Earlier this month United States Court of Appeals for the Federal Circuit (CAFC) rendered a decision in the MacLean Fogg v. U.S. case that threatens U.S. tariffs on Chinese extrusions entering the United States. The decision, released June 3, 2014, stems from an appeal by the Chinese respondents in connection with the China-wide all-others CVD rate. The previous Court of International Trade (CIT) appeal resulted in the DOC lowering the rate from 347% to 147%. In that case, none of the mandatory respondents participated; instead the Department calculated CVD rates for two voluntary respondents. The other non-reviewed companies argued that instead of receiving the PRC-wide CVD rate of 147%, they should have received an “all-others” rate reflecting the weighted-average of the two voluntary respondents (i.e., 8.5%) The CAFC took the CIT’s decision even further, invalidating the DOC’s regulation with regard to the DOC’s methodology of excluding voluntary respondents in the “all-others” rate calculation. Specifically, though the statute provides that the all-others rate should include any “individually”-calculated margins, the CAFC attacked the DOC’s regulation for limiting the statute’s directive to include “individually” calculated rates to include only mandatory – and excluding voluntary – respondents’ rates in its all-others calculation. The CAFC has reversed and remanded this proceeding to the DOC for further proceedings and recalculation of the all-others margin. This determination represents a blatant overstep by the CAFC, especially given that the decision overturns more than 20 years of DOC practice and regulatory construct.

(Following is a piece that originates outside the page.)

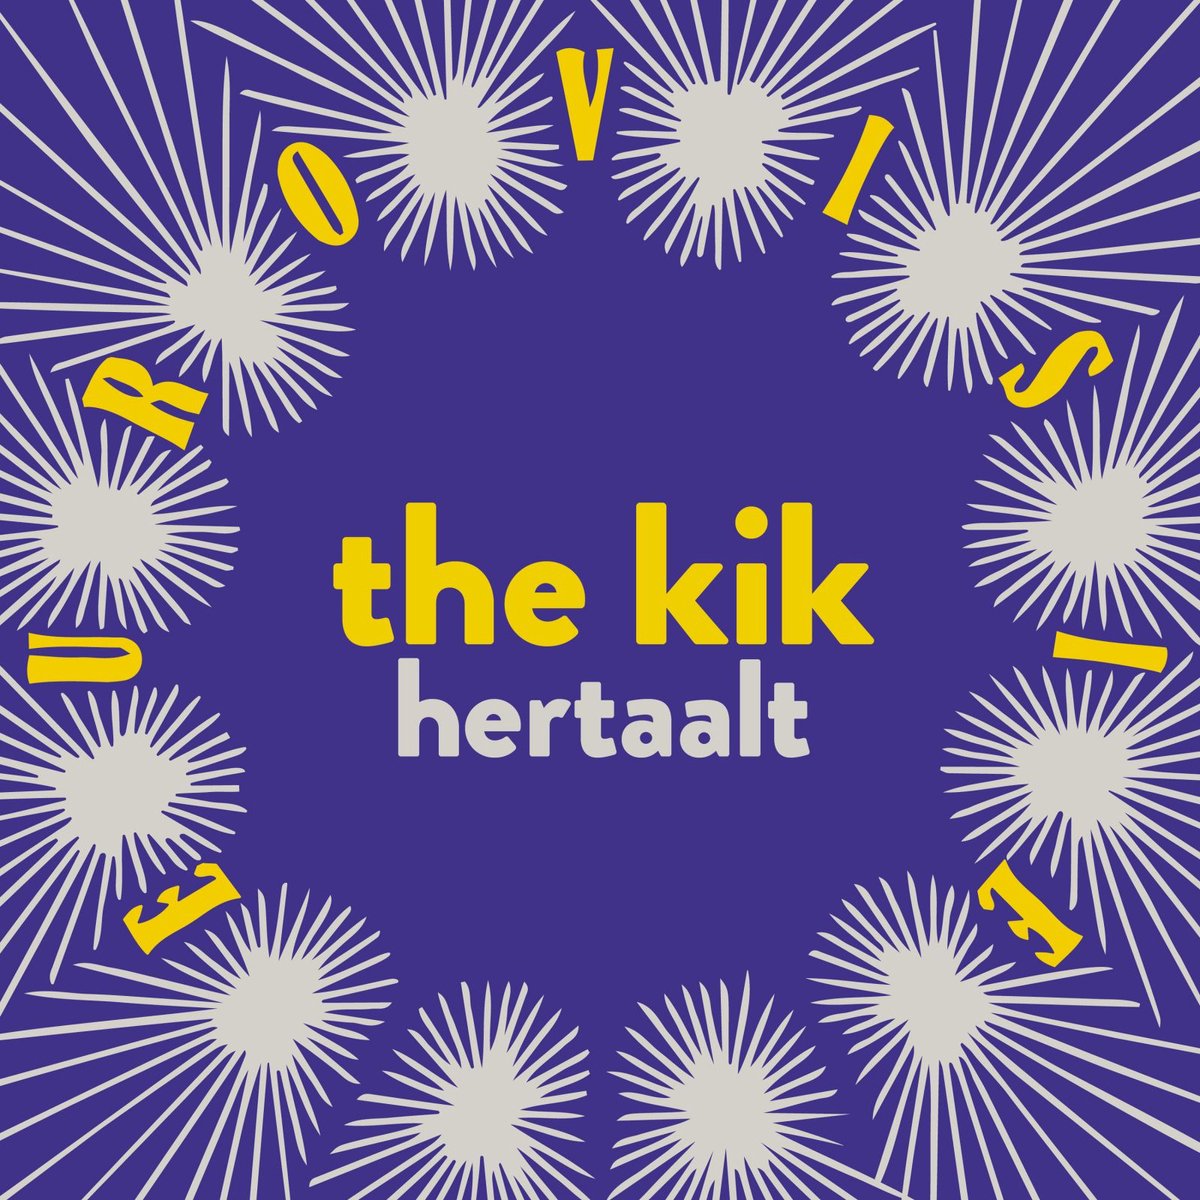 The Kik hertaalt Eurovisie (CD) - The Kik

Specific to our case, the impacts could be felt in our pending second administrative review, which is well underway. In fact, we expect a preliminary decision from the DOC on the AD and CVD case this week. On the AD side, both mandatory respondents pulled out in the last few months leaving only Kromet as the sole voluntary respondent. Ordinarily, the rate that the DOC will calculate for Kromet will only apply to Kromet. However, in light of this decision, the rate will apply to ”all others” as well. That assumes this ruling stands.

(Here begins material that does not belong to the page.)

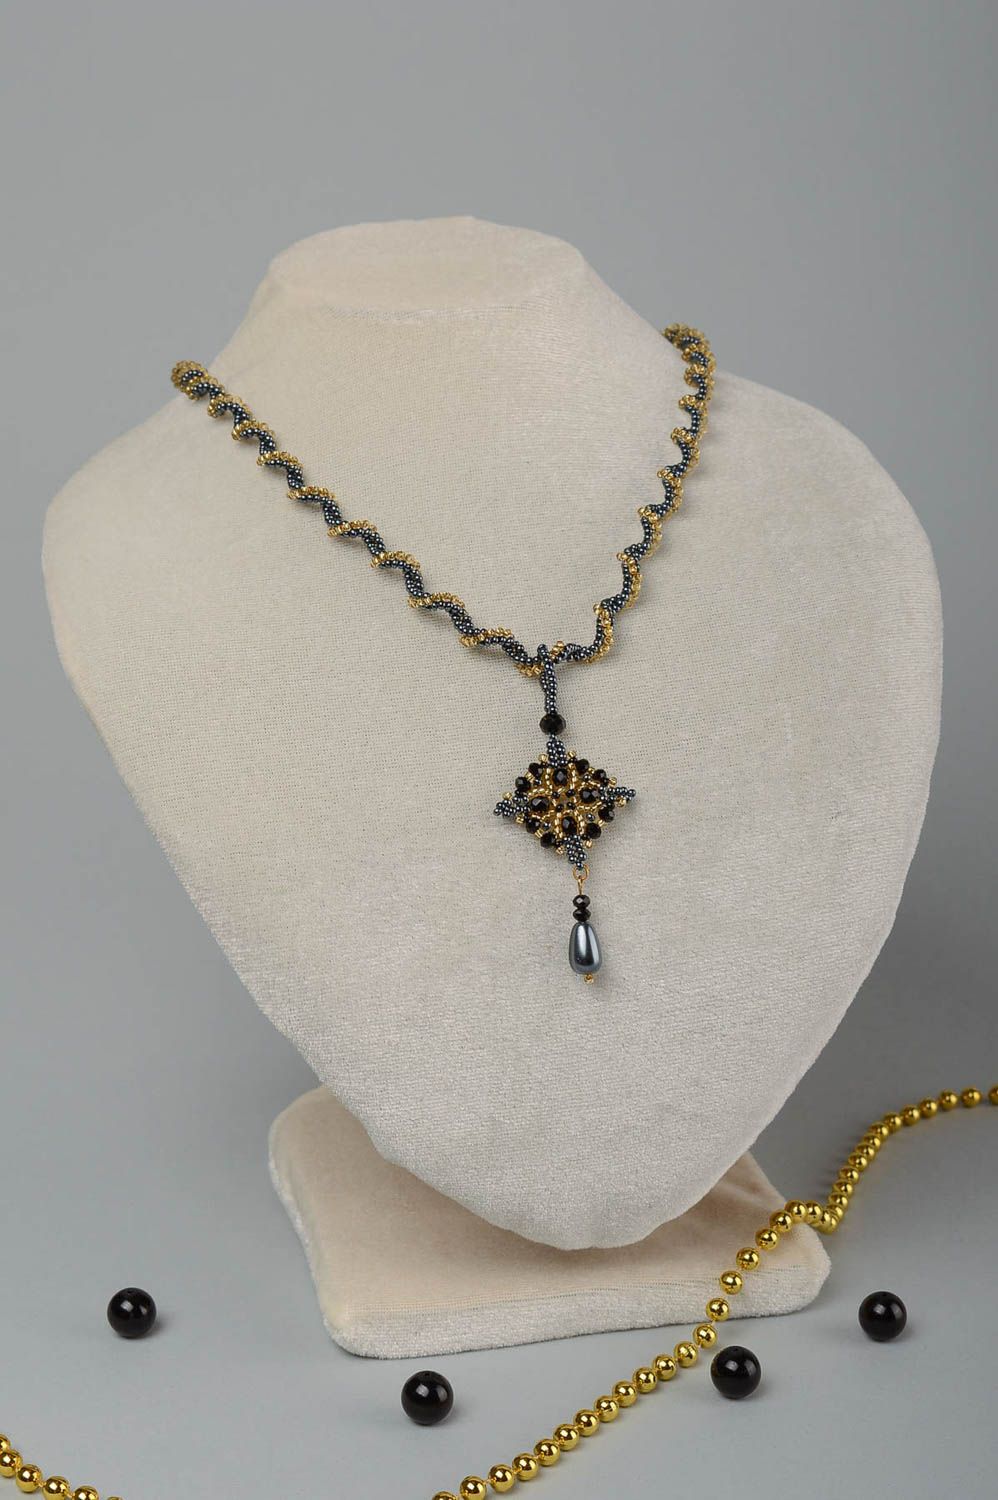 Handcraft necklace seed beads necklace designer accessories elegant bijouterie photo 1

Last week our lead attorney on this case, Robert DeFrancesco, and I made calls to staffers of key Senators in U.S. trade matters. They agreed to intervene at the DOC on our behalf to make our case. With the administrative review preliminary decision expected so soon, and considering the timing of the CAFC’s ruling, there is little we can do. However, the expected DOC decision is only the preliminary ruling. The full ruling for the second annual review is not expected until late this year. That gives us time to rally support and create a legal strategy to overturn the MacLean-Fogg decision. There will certainly be more to follow on this, and I will be asking you for your support as soon as a strategy is developed.